Use preemptible resources: In addition to the number of nodes and resource specifications, configure the Bid parameter. This allows you to request preemptible instances by setting a maximum bid. Click the
button to select a bidding method:By discount: The maximum price is based on the market price of the resource specification, with discrete options from a 10% to 90% discount, representing the upper limit for bidding. When the maximum bid for the preemptible instance is greater than or equal to the market price and there is sufficient inventory, the instance can be requested.
By price: The maximum bid is within the market price range.
VPC configuration
If you do not configure a VPC, the public network and a public gateway are used. The limited bandwidth of the public gateway results in slowdowns or interruptions during job execution.
Configuring a VPC and selecting the corresponding vSwitch and security group improves network bandwidth, stability, and security.
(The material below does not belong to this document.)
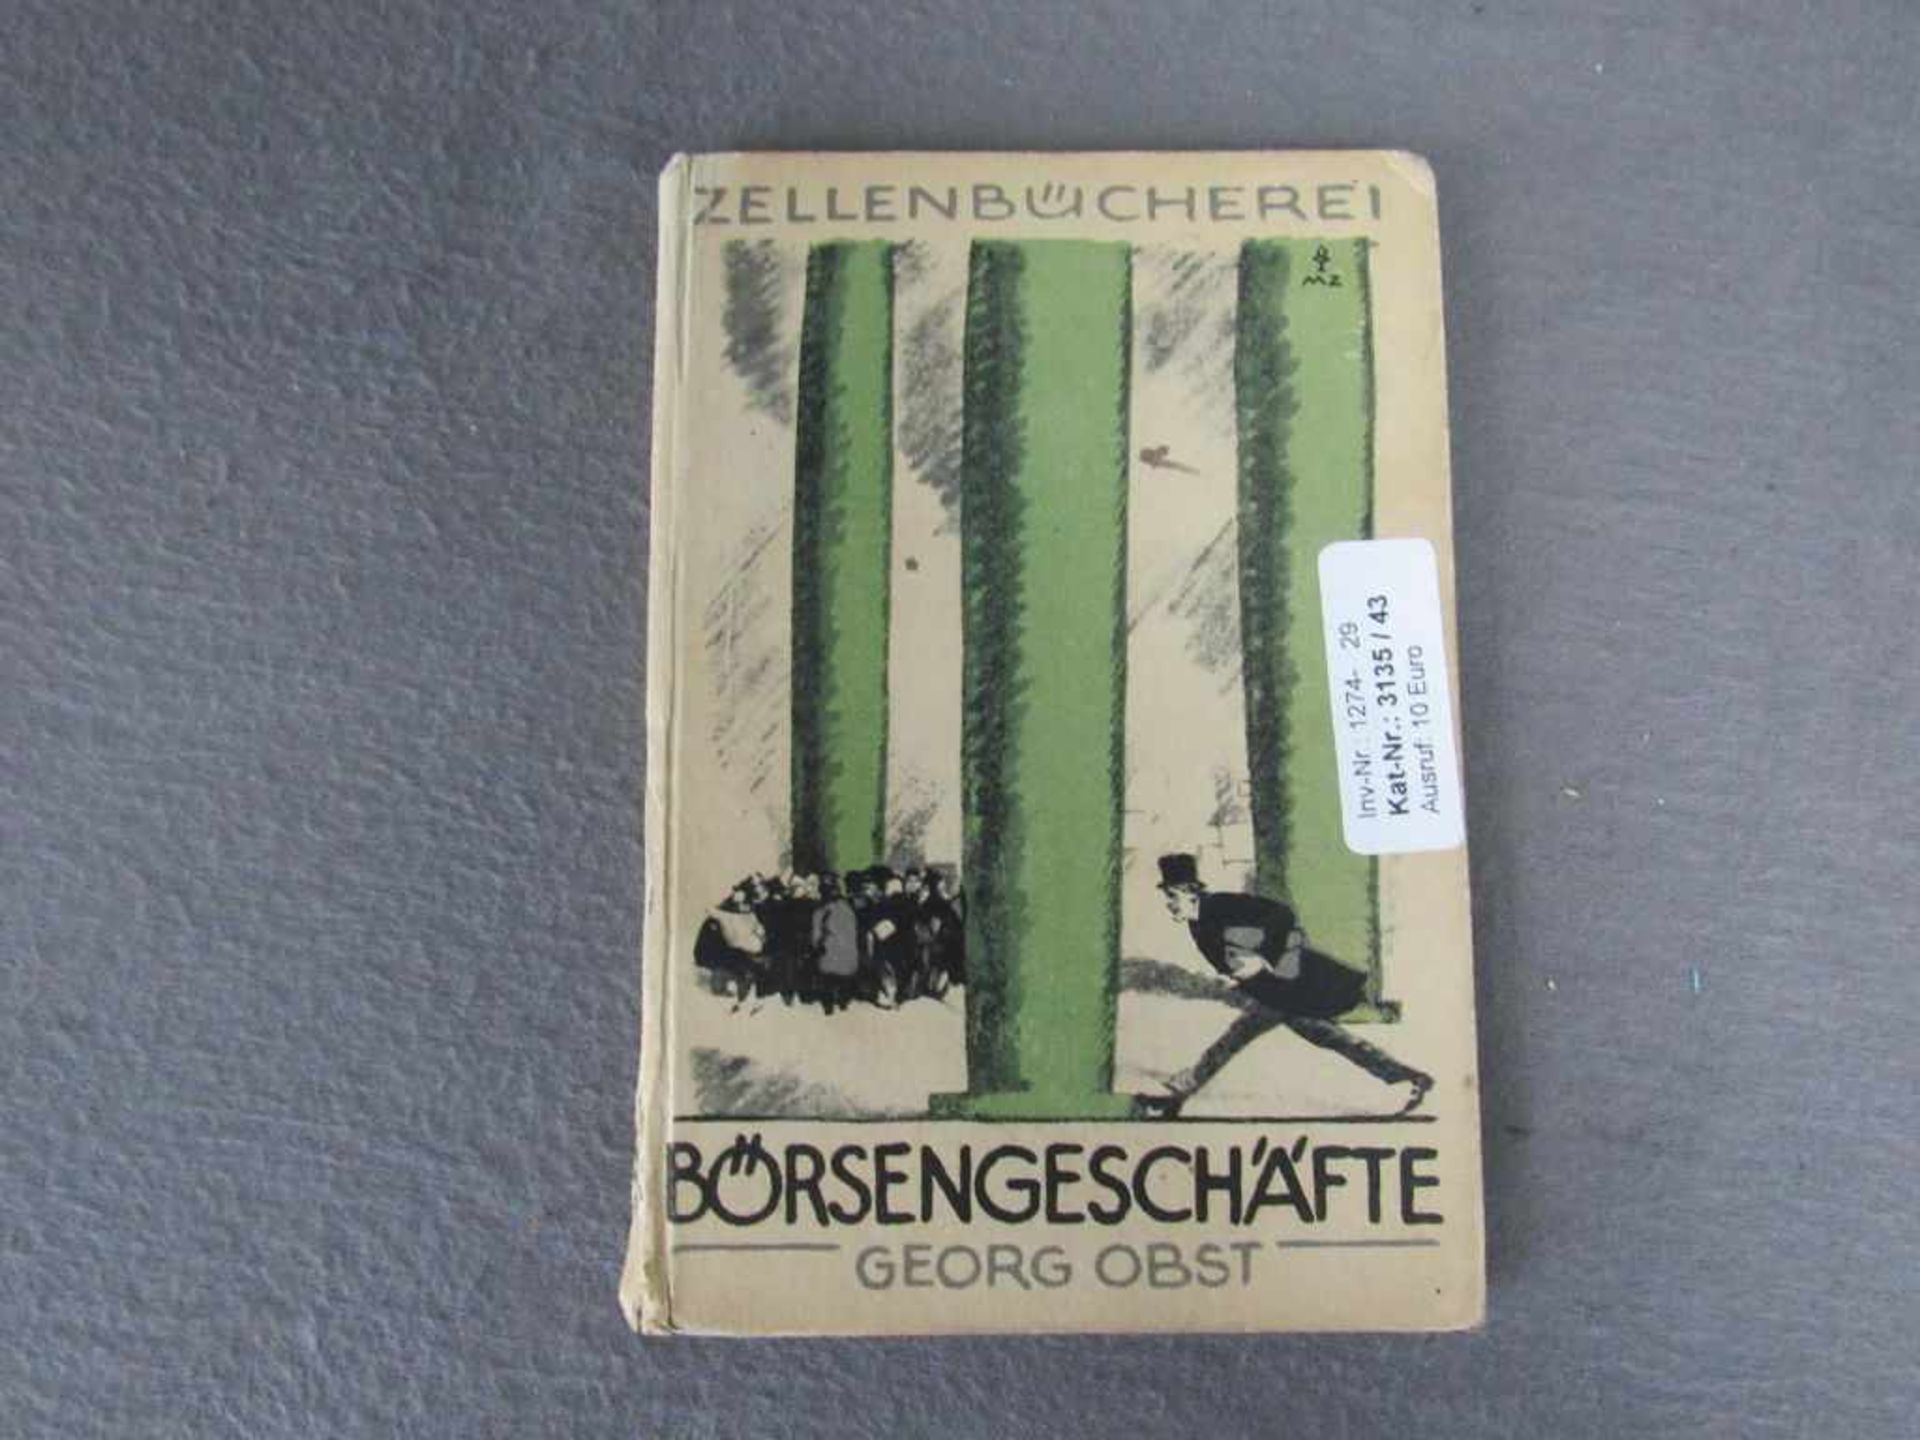 Börsengeschäfte von Georg Obst von 1922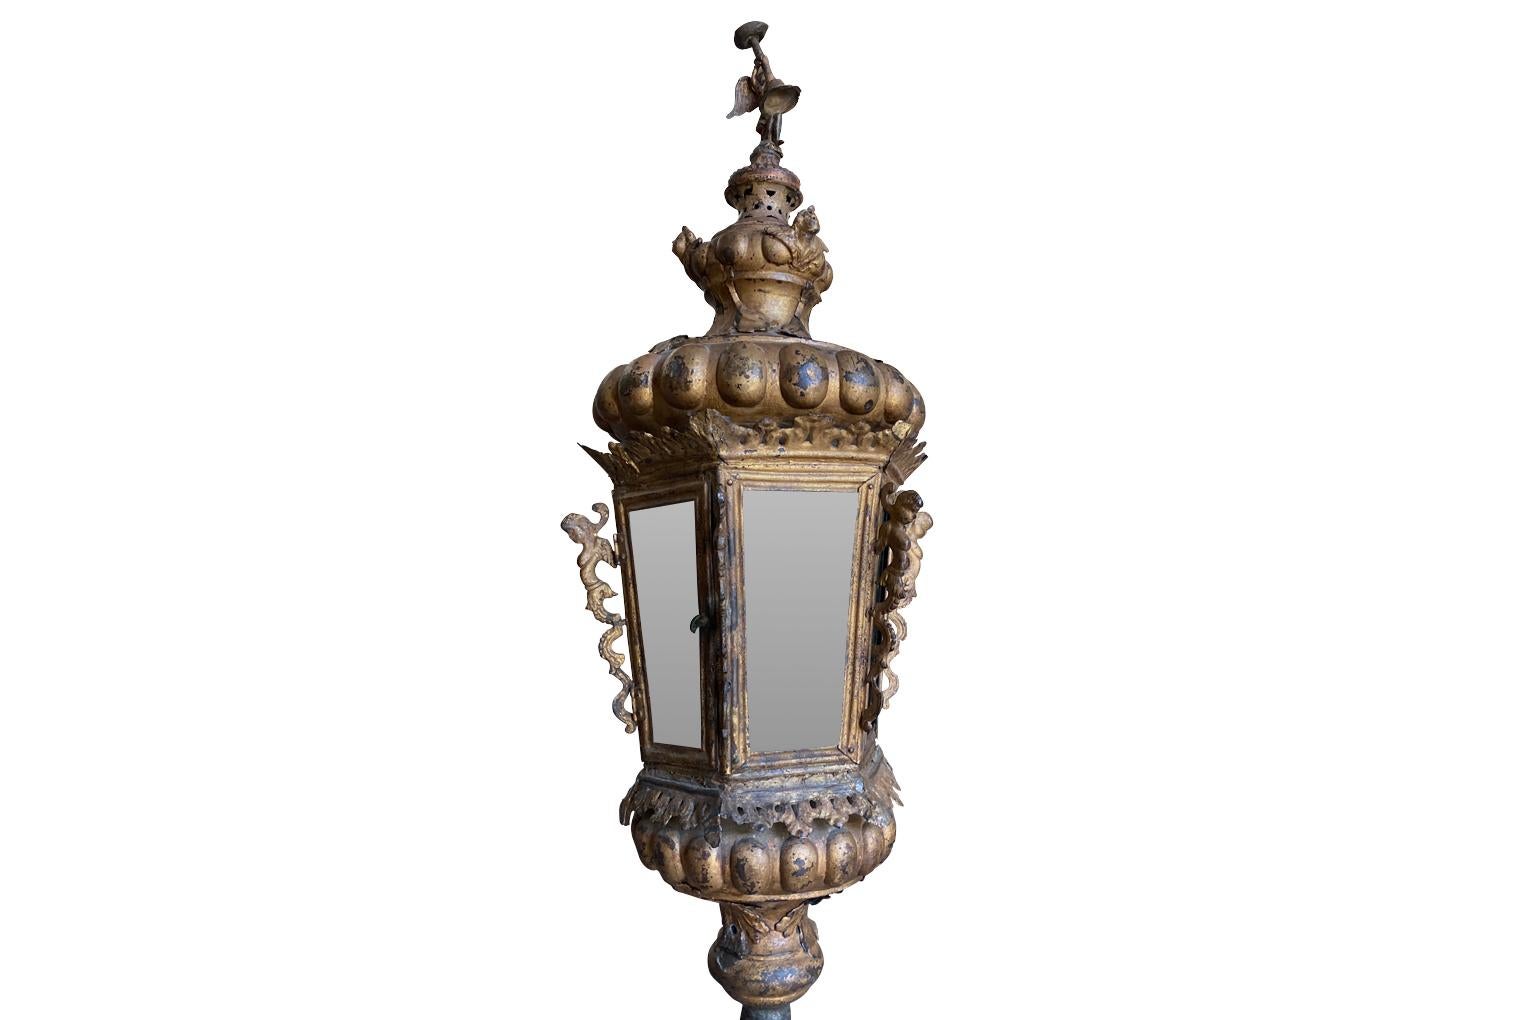 Eine sehr beeindruckende Laterne aus dem 18. Jahrhundert aus Venedig. Wunderschön aus vergoldetem Metall gefertigt und mit einem Engel und Putten verziert, die auf einem Steinsockel stehen. Großer Maßstab und bereit für die Verwendung mit Kerzen

Additionally, the cluster where the job runs can directly access services within this VPC.
ImportantWhen using a VPC, ensure that the job's resource group, dataset storage (OSS), and code repository are in the same region, and that their respective VPCs can communicate with each other.
When using a CPFS dataset, you must configure a VPC, and the selected VPC must be the same as the one used by CPFS. Otherwise, the submitted DLC training job will fail to mount the dataset and will remain in the
Preparingstate until it times out.When submitting a DLC job with Lingjun AI Computing Service preemptible instances, you must configure a VPC.
Additionally, you can configure a Internet Gateway in one of two ways:
Public Gateway: Its network bandwidth is limited, and the network speed may not meet your needs during high-concurrency access or when downloading large files.
Private Gateway: To address the bandwidth limitations of the public gateway, create an Internet NAT Gateway in the DLC's VPC, bind an Elastic IP (EIP), and configure SNAT entries. For more information, see Improve public network access speed through a private gateway.
Fault tolerance and diagnosis
Parameter
Description
Automatic Fault Tolerance
Turn on the Automatic Fault Tolerance switch and configure the parameters. The system will provide job detection and control capabilities to promptly detect and avoid errors at the job's algorithm layer, thereby improving GPU utilization. For more information, see AIMaster: An elastic and automatic fault tolerance engine.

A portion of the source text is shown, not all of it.